The location of the house, truly implanted amid misery, fulfils everything that a convent of the Little Sisters could wish for”.

That same year, in 1953, work was carried out to make the house more suitable for convent life.  It had twelve cells (for ten professed sisters), rooms for community life, an office, a large community room, visiting rooms, etc.

It was at this time that the affiliation of the first Lady Servants and the Fraternity was also taking place.

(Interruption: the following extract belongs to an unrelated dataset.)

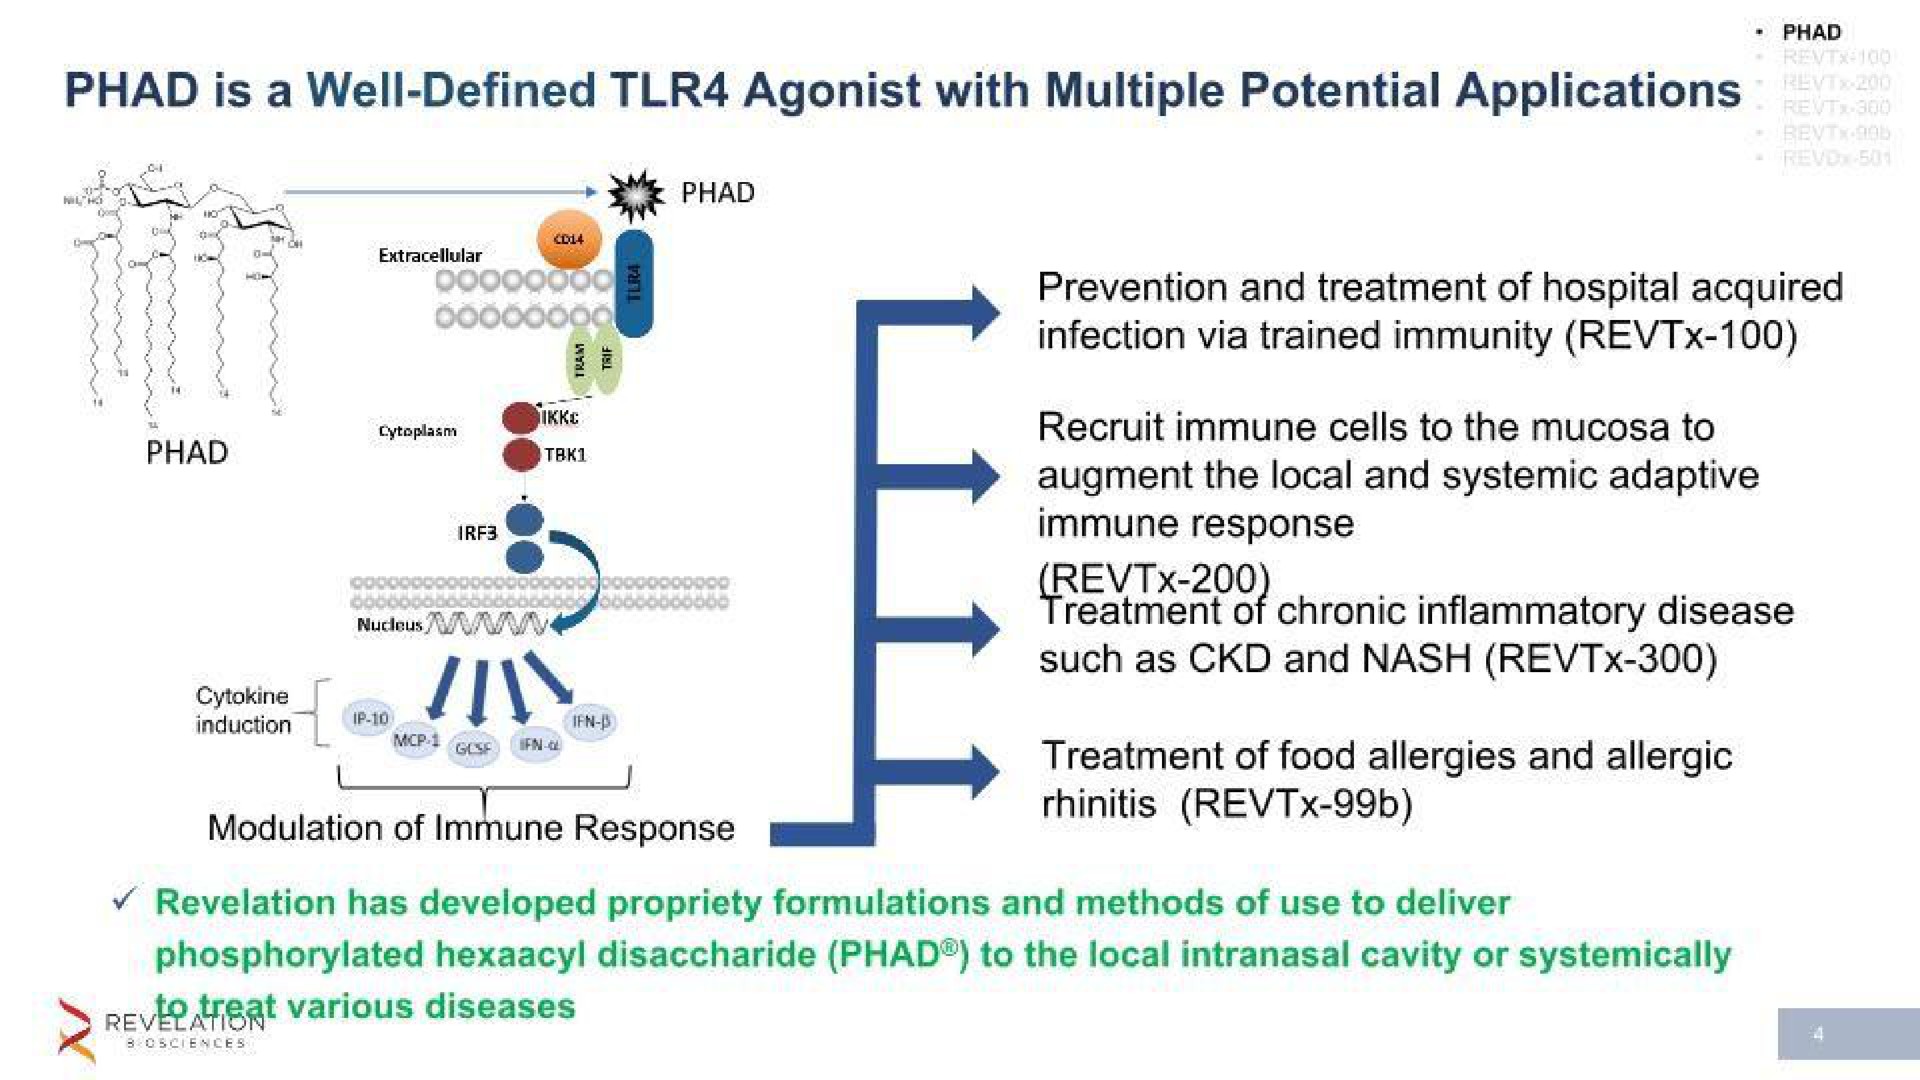 is a well defined agonist with multiple potential applications sam infection via trained immunity augment the local and systemic adaptive immune response such as and nash treatment of food allergies and allergic rhinitis | Revelation Biosciences

However, access to the house was difficult, as it was built on a steep rise of wide medieval stone steps known as Pedamentina. What’s more, little by little, the poor families in the neighbourhood were relocating to the outskirts as their houses were falling into ruin and were marked for demolition. So, the decision was finally taken for the community to relocate too. This was done in 1963, to a working-class housing estate in Rione Traiano to the west of Naples. The community lived in two small flats on the ground floor. In the basement, the sisters also set up a nursing station with its own entrance and various rooms (including a waiting room, an injection room, a dressing room, etc.). Alongside this work, the sisters carried out a whole range of community activities including catechism classes and were also involved in Catholic youth work.

A few years later, it was decided to build a house in the same neighbourhood, which the sisters moved into in 1972. The house turned out to be very large and “opulent” in appearance, in an area populated by poor people. What’s more, it was expensive to maintain.  But little by little, the sisters developed several services for the neighbourhood, including a nursery school and a dispensary.

In November 1980, a major earthquake near Naples destroyed part of the city. The sisters of the community were in the chapel for Vespers during the first tremors. After taking refuge in the street, they did everything they could to help the families; they lent them their car and provided them with blankets, clothes, warm milk…

They wrote in Le Pain de Chez Nous in February 1981:

“United by this encounter [of the earthquake] which polarised everything, we experienced together [with the neighbourhood] a stronger fraternity, made easier by the fact that our common home was the street. In the evenings, we’d gather around the fire, sharing moments of even more intense fraternity, since we were all in the same situation, all equal, with the same fear, the same cold (…).

Subsequently, they did their utmost to help the families get back to normal life, “to overcome the fear because the whole city was affected and the earthquake had, of course, worsened already existing problems, such as housing, chronic unemployment and so on.

Life and the mission continued in the community, but the province of Italy experienced difficulties that led to the splitting of the community, which then became the Sisters of Charity of the Assumption. The house was eventually sold to the new congregation. The community in Naples continued to exist until 1993 when it moved to Vico Paparelle al Pendino.

In 2005 the congregation finally returned to Naples, with four sisters sent to the Ponticelli district, in the heart of the city where the social reality was “diverse” according to the first community project. The sisters accompanied families and groups and received training. One of them worked in the hospital. They presented the congregation when opportunities arose. In 2011, they moved to via Luigi Volpicella, 372b.

In November 2023, the closing celebration of the community was presided over by an auxiliary bishop and concelebrated by four Assumptionist fathers from Rome, in the presence of other deacons and members of the parish community. There were numerous testimonies about all that the LSAs had brought to many individuals, and families who will miss them.


[1]    Sr Marie Marthe Isabelle: Isabelle Couturier (1897-1965) was born in Isère. Her first posting to Italy was to Turin in 1932. She never left Italy after that, and lived in Milan, Naples (1937-1943 then 1944-1959) and died in Milan in 1965.